I interpret this as a sign of nostalgia for participants’ childhoods. Nostalgia is a “sentimental longing or affection for the past” (Baldwin, Biernat, & Landau, 2015). As mentioned in Part 1, I asked respondents how much they “feel a nostalgic and warm feeling” for things from their personal past: friends, family, pets, toys, TV shows, movies, and music. Unfortunately, since these questions did not form a cohesive scale together, I looked at each separately. As many people told me at the end of the survey, one cannot feel nostalgic for pets if they did not have pets; for that reason, I do not include that item here.
In the figure below, I show the correlations between favorability for each of the trilogies and how nostalgic people are. Each box represents a correlation, which can range from -1 (an exact, negative relationship) to +1 (an exact, positive relationship). Empty tiles represent correlations that were not significant, p > .01.
Many of these are considered “small” correlations (< .10) in psychology, so I focus on the larger correlations.
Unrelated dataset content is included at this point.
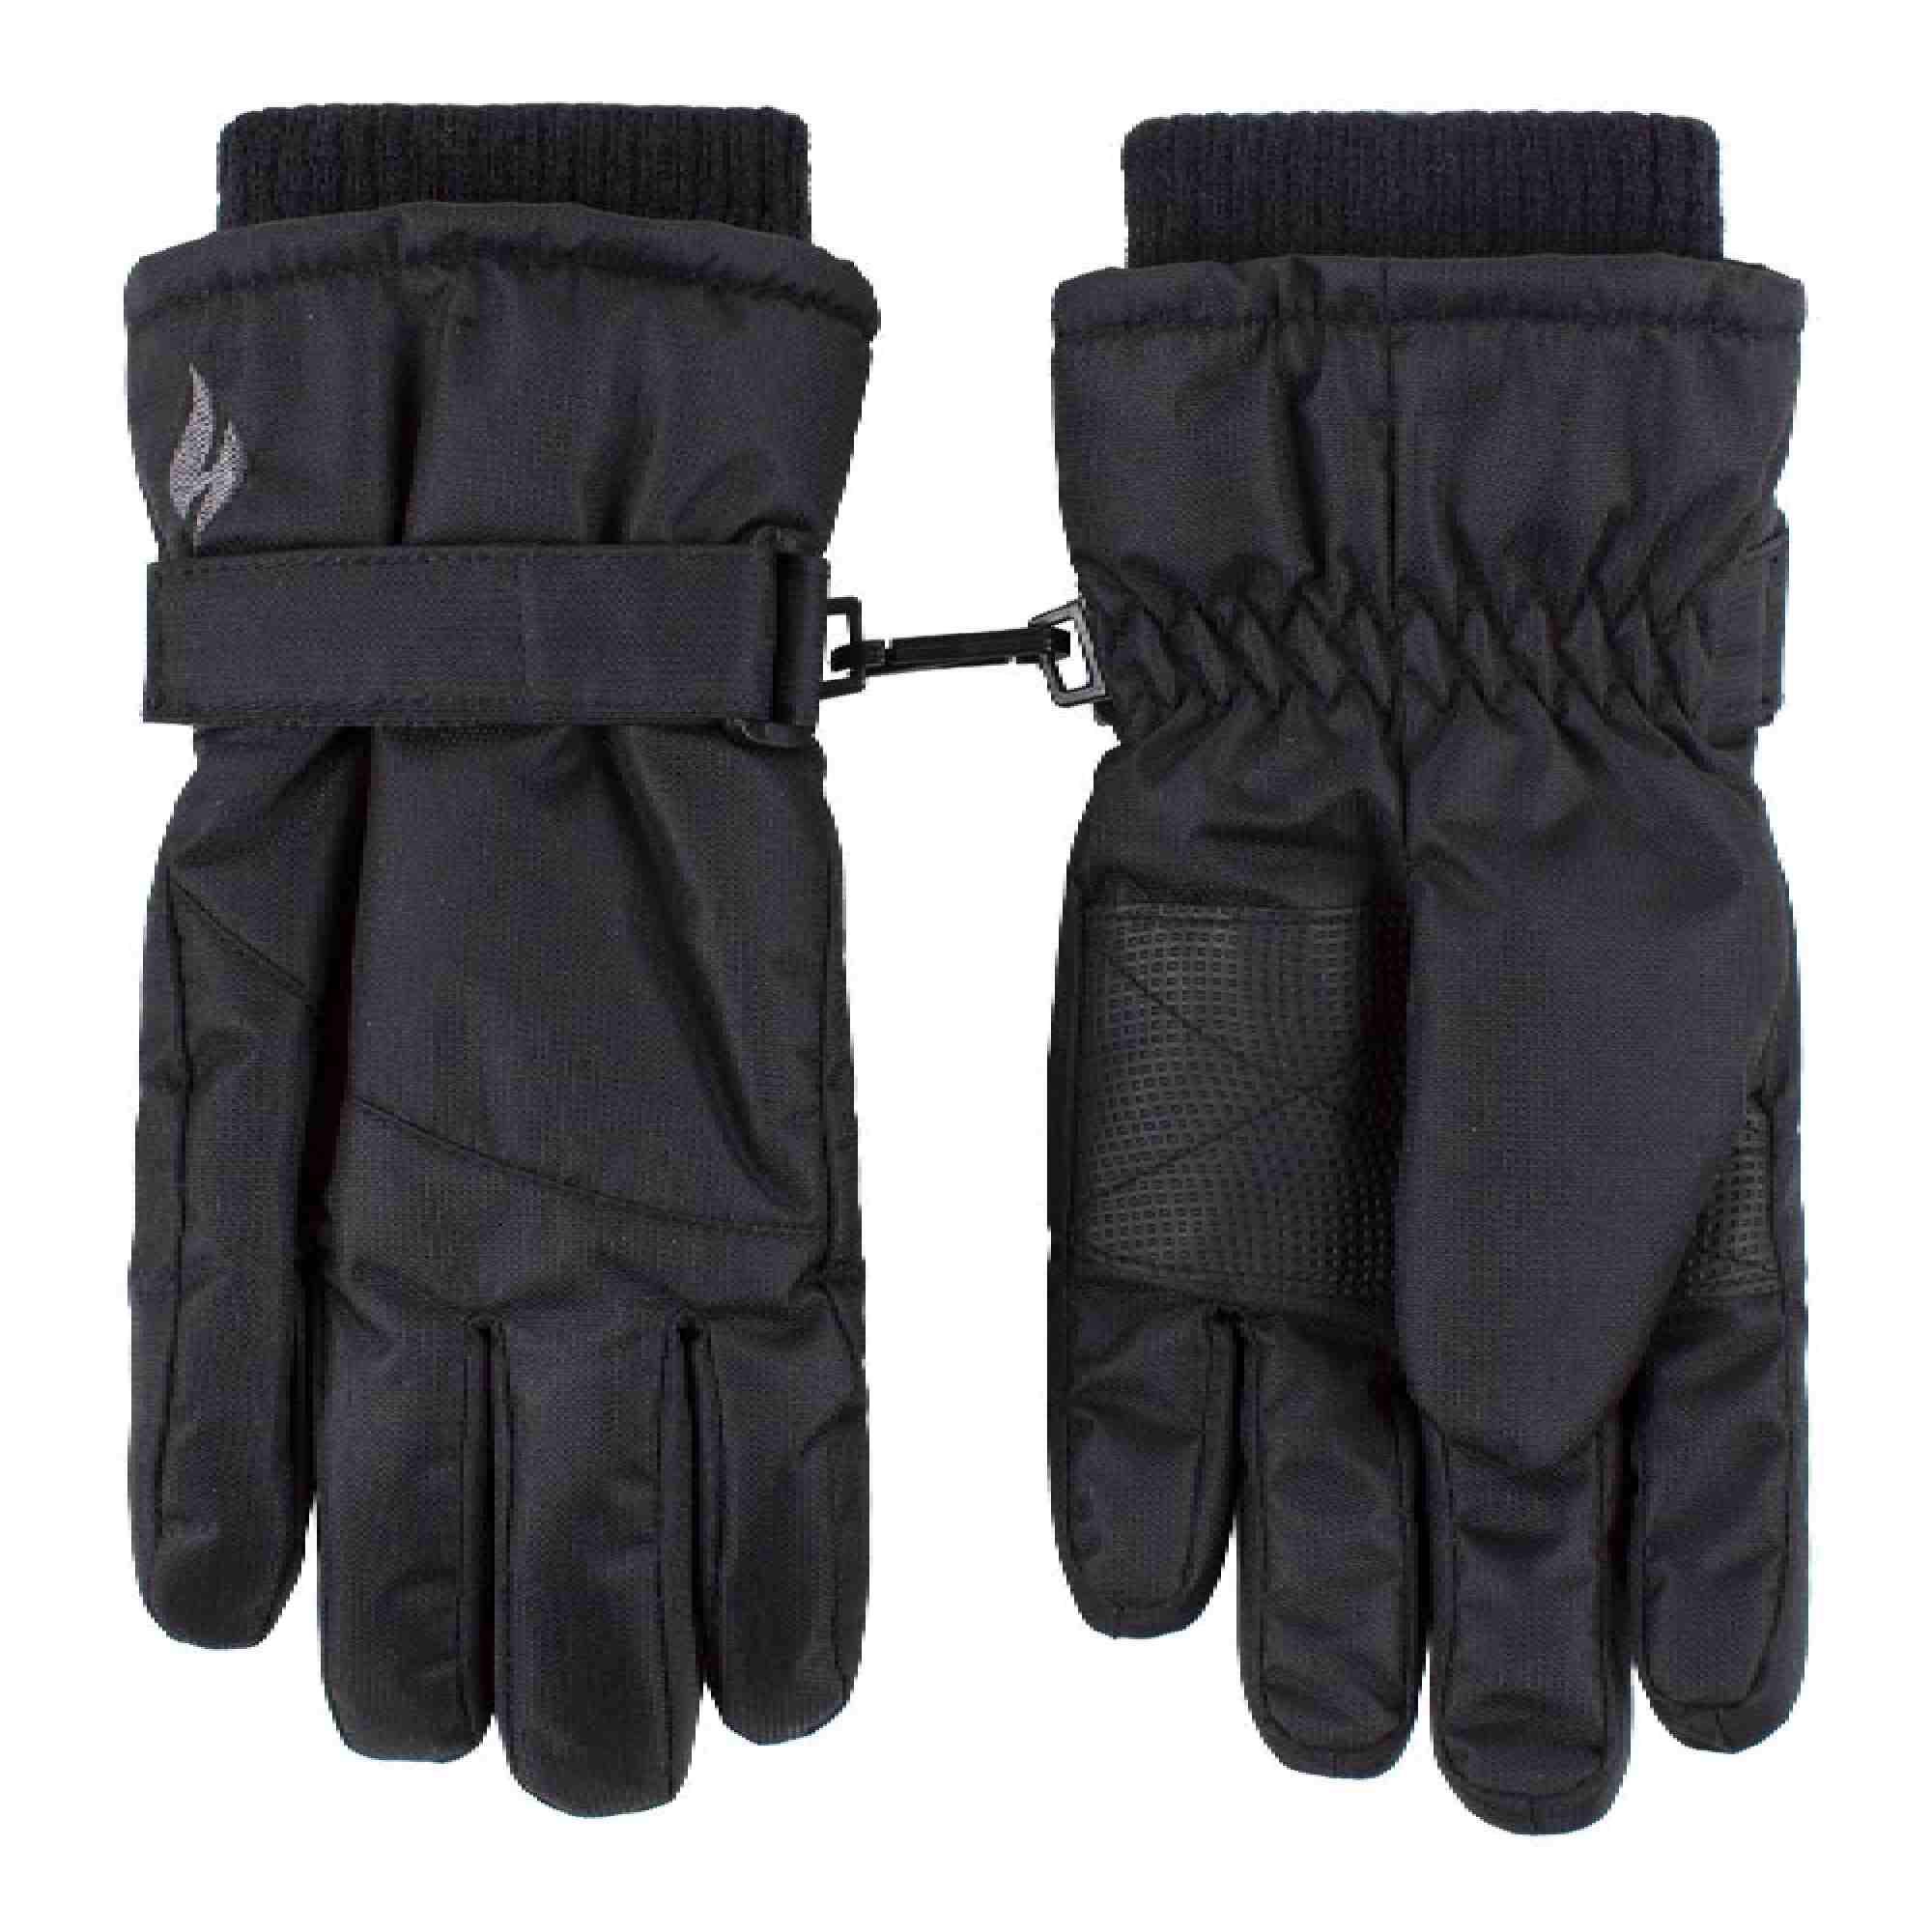 Childrens Black Winter Fleece Lined Waterproof Thermal Snow Ski Gloves 1/3

In general, we see that nostalgia is correlated with how favorably one sees the originals, while the relationship between the prequels and nostalgia is smaller. The only negative correlation is between the sequels and nostalgia toward toys. Many of the survey’s respondents were referred from toy collectors’ websites, so it makes some intuitive sense that nostalgia in this domain would be powerful. The more nostalgic one reports being toward the toys from their past, the less they like the sequel trilogy. This again shows how the sequel trilogy—particularly The Last Jedi—have broken with tradition, to the chagrin of some nostalgic fans.
I also wanted to compare those born before 1990 and those born in and after 1990, since that is when we see positive attitudes toward the prequels start to increase in the age plot above. The two panels of this plot are mostly the same; it seems like the nostalgia for the original trilogy carried over to the prequels for those born before 1989, even though they were largely adults upon those movie’s releases.
The biggest difference again shows the polarization of the sequel trilogy. Nostalgia is largely unrelated to the sequel trilogy for those born in and after 1990; the negative correlation between toy nostalgia and sequel-trilogy favorability is only present for those born before 1990. It seems the nostalgia that carried over from the original trilogy to the prequel trilogy has not also carried over to the sequel trilogy, which does not directly involve George Lucas and has broken with tradition in casting and narrative decisions.
Many Star Wars fans start young, as did the majority in this sample. This allows nostalgia to be a powerful lens through which people perceive these movies. The more nostalgic people report being, the more they enjoy the Star Wars films. The only exception to this is older fans and the sequel trilogy. In The Last Jedi, Kylo Ren implores Rey to, “Let the past die. Kill it, if you have to.” This line had some meta-contextual meaning: many unexpected narrative choices in The Last Jedi made it break from what one might expect from a Star Wars film. These data suggest some older, nostalgic fans would rather not kill the past.